Out
Introduction
Kate Bartlett
I say drop a mouse into a poem
and watch him probe his way out,
or walk inside the poem’s room
and feel the walls for a light switch.
– Billy Collins, Introduction to Poetry
The selections of “Out” celebrate the nuance of life, politics, and language, where readers are left looking for the colours of human connection. We often assume academic writing to be black and white, void of colour, emotion, or creativity, while creative writing full of colour and personality, emphasizing human connections. However, between the perceived black and white of academia, there is an entire haze of grey where all genres coexist, showcasing their similarities. It is where binaries become blurry as the spectrum of greyscale exists between the two sides. As Collins implies in “Introduction to Poetry,” sometimes finding answers requires squinting, searching, in the haze after lights have been turned “Out,” as your eyes start to adjust to your new perspective. Sometimes you must explore pieces from the inside out like a mouse, rummaging for less obvious connections. The selections of this chapter belong in “the inbetween,” in the grey, where they grapple with truth and disconnection, and rethink the stability of political, and linguistic systems.

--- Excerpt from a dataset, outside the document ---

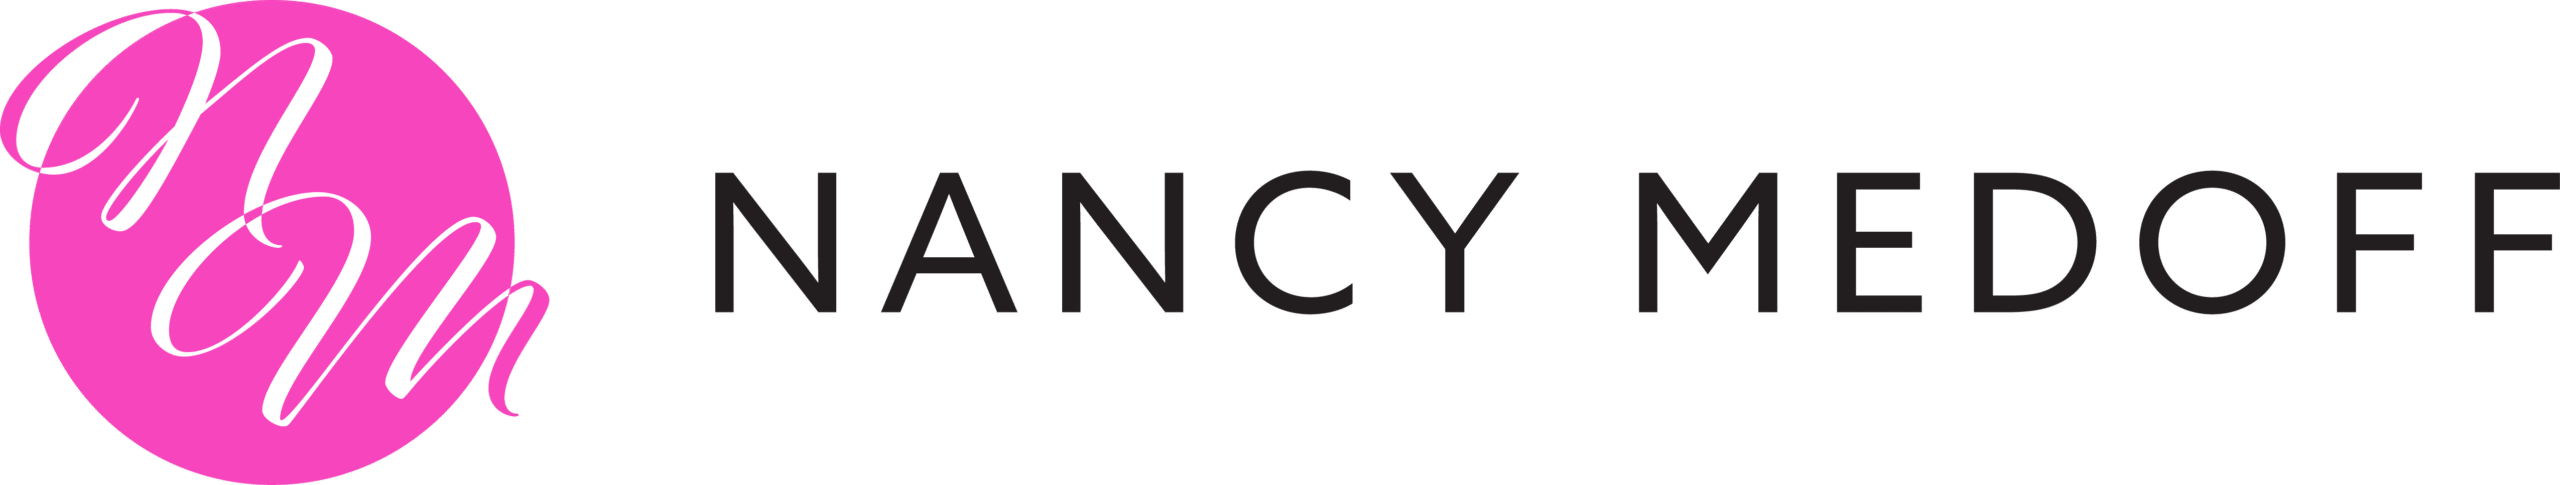 nancyMedoff-logo

The poems in “Out” illustrate the tension between creativity and colour as the authors’ paint disjunct scenes. MacDonald’s “Breakwater” struggles with the dichotomic definition of truth, expressing an exhaustion of binaries. MacDonald creates a mood of longing for a softer, more fluid, and more colourful existence. Similarly, Lamb’s “Paradise” depicts a neighbourhood that has lost its vibrancy as a result of its lack of human connections. The neighbourhood is void of relationships, diminished from a community of people to merely homes lining the streets.
The academic essays in this chapter exhibit the complexities of language and social and political structures, showing us the ambiguity (or greyness) of well-developed and complicated systems. Voigt’s “Faulty Foundations: Modern Foreign Aid Disenfranchisement and the Long Shadow of Modernization Theory” explores the disconnections of socio-political values between different cultures, which generate black and white, “Us vs. Them” mindsets. While the public’s mentality may be black and white, Voigt demonstrates greyness in how perceptions of the Modernization Theory have changed over time. Theories evolve and alter within different contexts; there is no one, stable, interpretation. Also in “the inbetween” is Jenson’s “A Retrospective: Time, Structure, and the Informal Segmentation of David Copperfield,” which analyzes the relationship of verb tenses and time, and language’s ability to warp time to make the past seem present when the narrator describes events. The ability of tenses to manipulate our perception of time between the binary of past and nonpast is indicative of the grey area in language.
“Out” is monochromatic, the grey area between black and white. Academia can be both logical, yet nuanced. Creativity can be emotional, yet stark. It is in the grey where the constraints of the binary — academic vs. creative — are muddled, where similarities surpass differences. It is in this chapter that the colours of connection can be found in the void of grey, in the haze between black and white, as though someone has turned the lights “Out.”